The news would be welcomed by investors who regard some investment holding companies as having cumbersome structures that impose extra layers of cost and management, according to Johannesburg-based money managers Vestact. There could be pressure for others to follow this path.
“A lot of these companies are trading at a discount to net asset value and I think after five years of relatively poor market performance the management companies are under pressure to unlock value and returns to shareholders,” said Henre Herselman, a derivatives trader at Anchor Private Clients. “So I think it’s likely to see similar moves from others that are in a similar situation.”
RMB Holdings gained 4.6% in Johannesburg Wednesday as Remgro jumped 6.1%, the most in almost four years.
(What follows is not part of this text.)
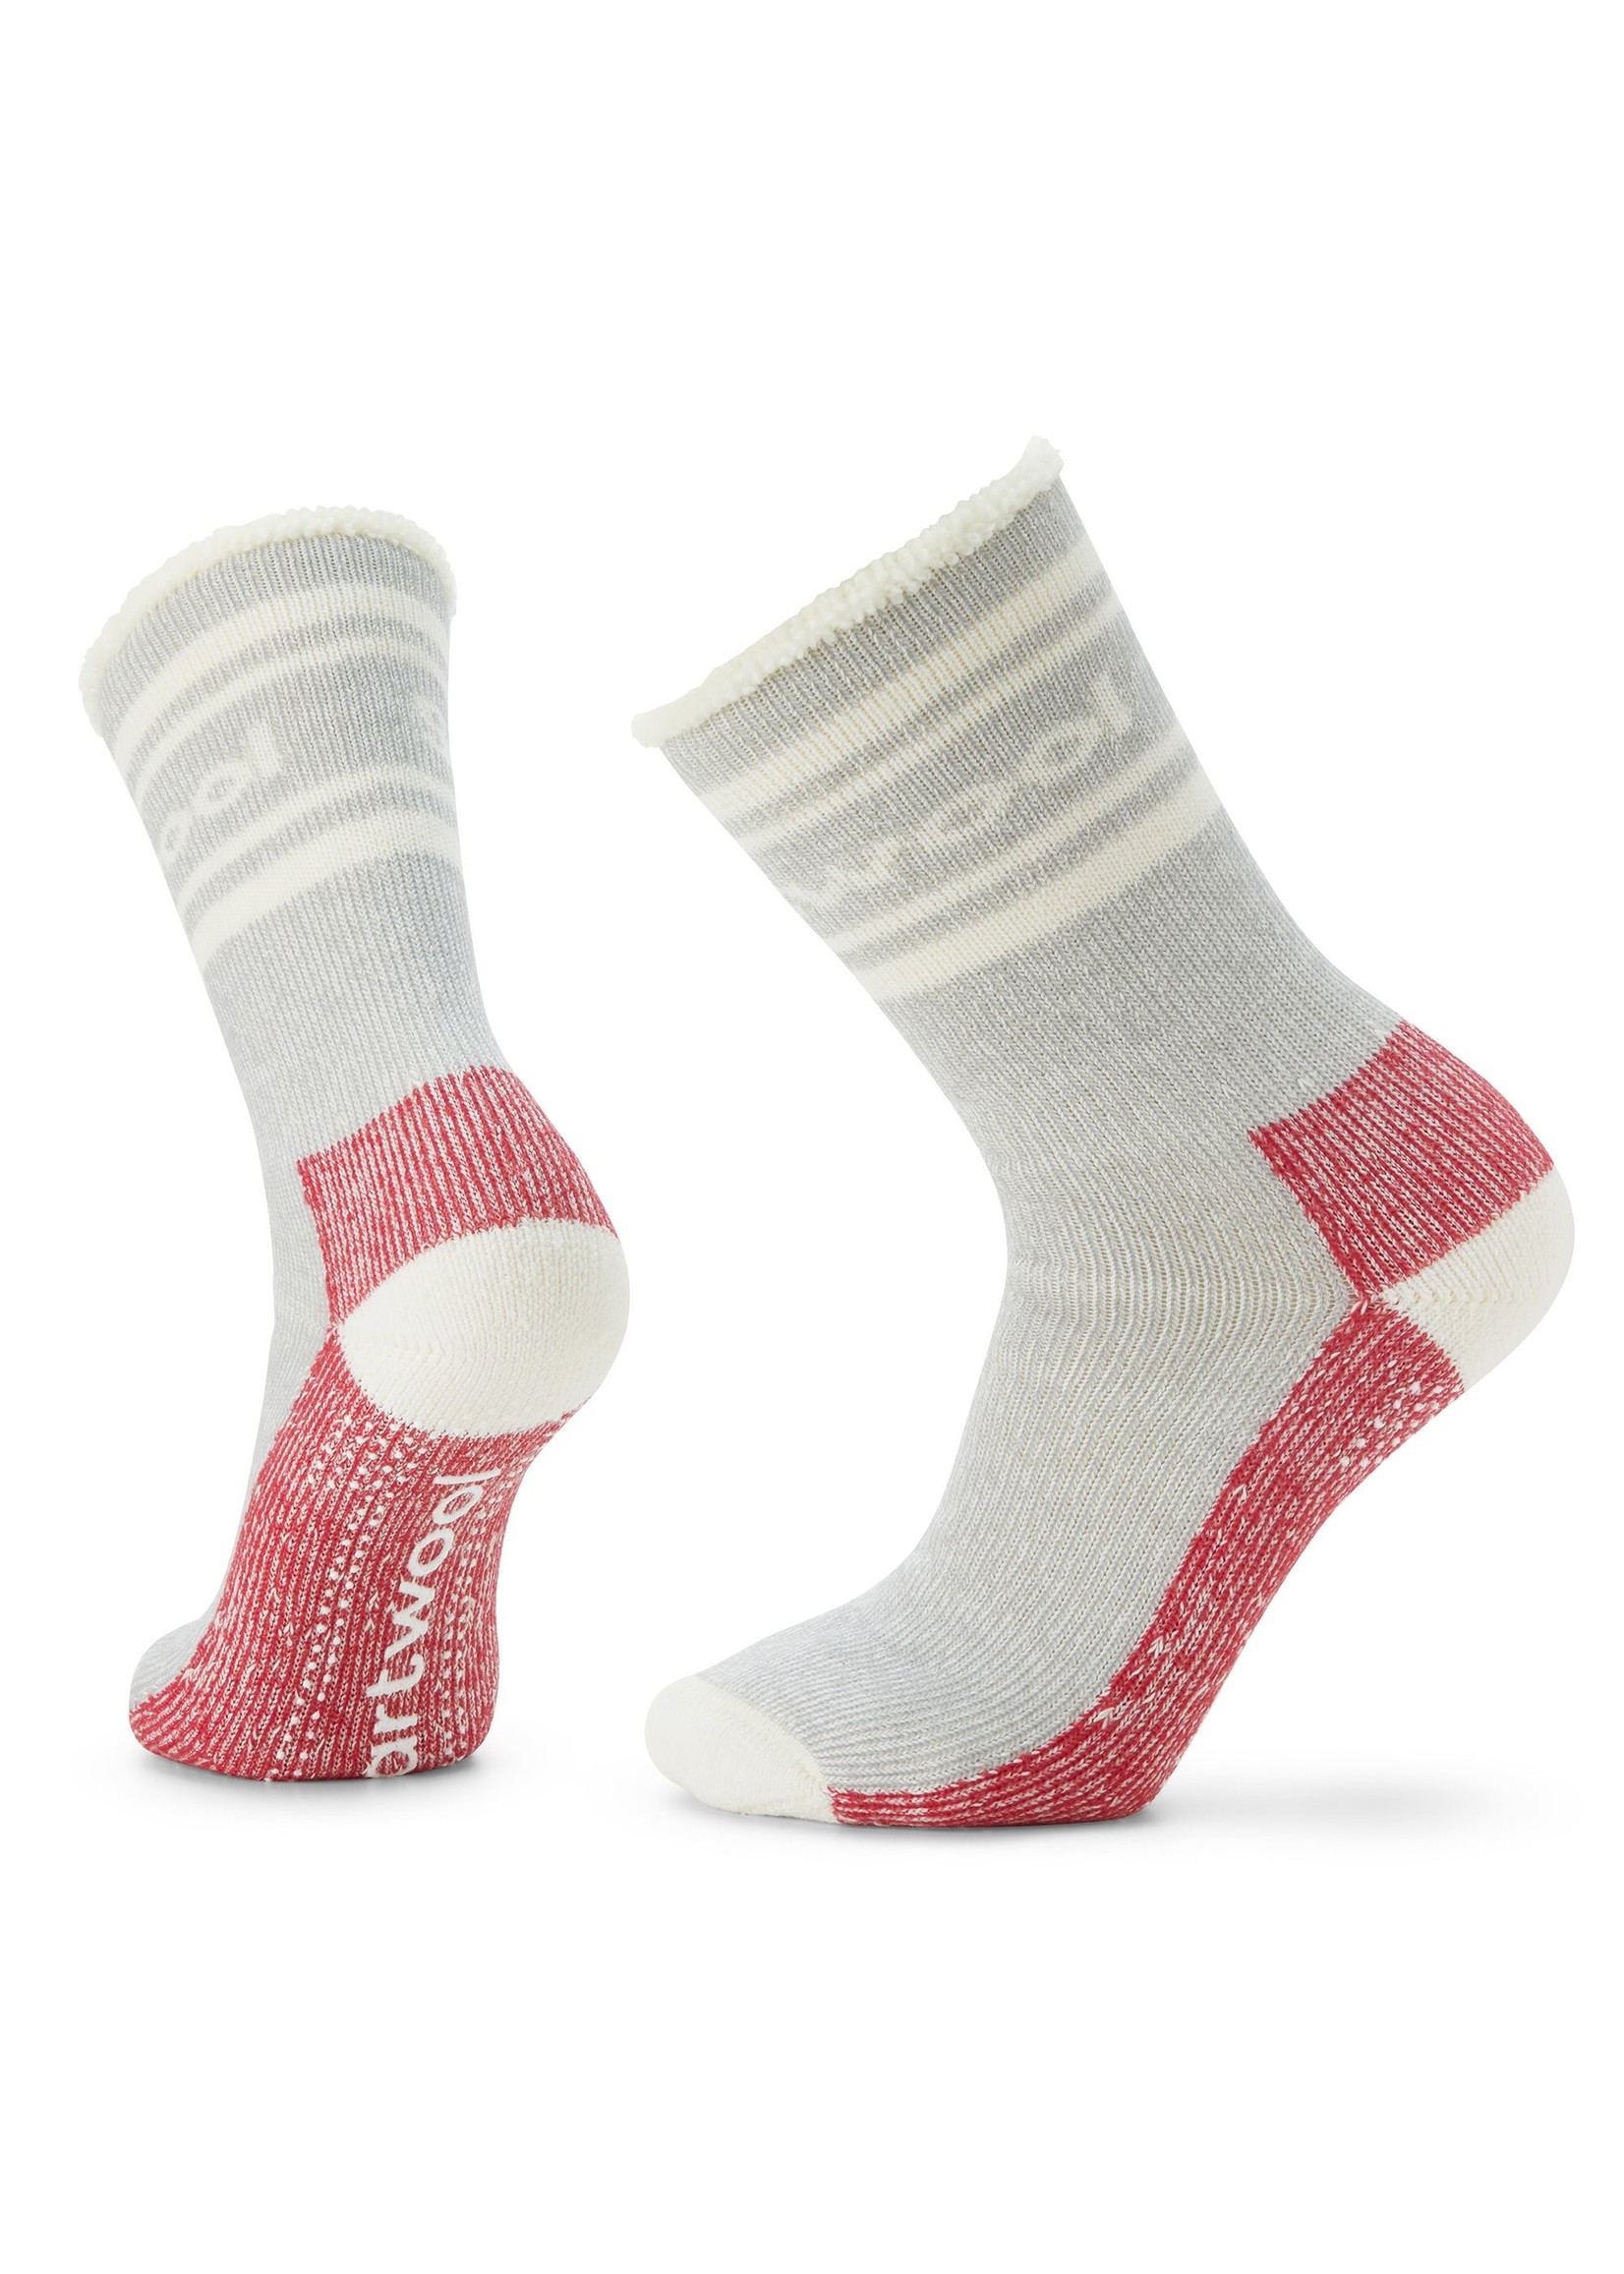 SMARTWOOL Women's indoor slipper socks

FirstRand retreated 1.5%.
The unbundling of FirstRand is expected to unlock about 15 billion rand for RMB Holdings shareholders, Chief Executive Officer Herman Bosman said by phone. “Under our guidance, the business grew tenfold,” but it is now a “mature self-sustaining business” that no longer needs the input of a holding company.
Already, some major South African groups have sought to reorganize in a bid to achieve better value for their assets. Old Mutual Ltd. unbundled its 52% holding in Nedbank Group Ltd. in 2018, while Agribusiness-focused Zeder Investments Ltd. said in July that it would dispose of its stake in Pioneer Foods Group Ltd., purchased by PepsiCo Inc. for about 24.4 billion rand. In September, Naspers Ltd. carved out its 31% stake in Chinese internet giant Tencent Holdings Ltd., along with other international businesses and placed them in Prosus NV, which has a 101 billion-euro ($112 billion) listing in Amsterdam.
“With extra layers of fees under conventional structures and these skimming investor value, you usually see discounts widening over time,” eroding shareholder value, Casparus Treurnicht, a money manager at Gryphon Asset Management said by email. “I will not be surprised to see Reinet Investments SCA doing something similar,” he said.
Reinet, chaired by Rupert, was established in 2008 as an investment vehicle, taking on luxury group Richemont’s interest in British American Tobacco Plc as its principal asset. Reinet gained 1% on Wednesday.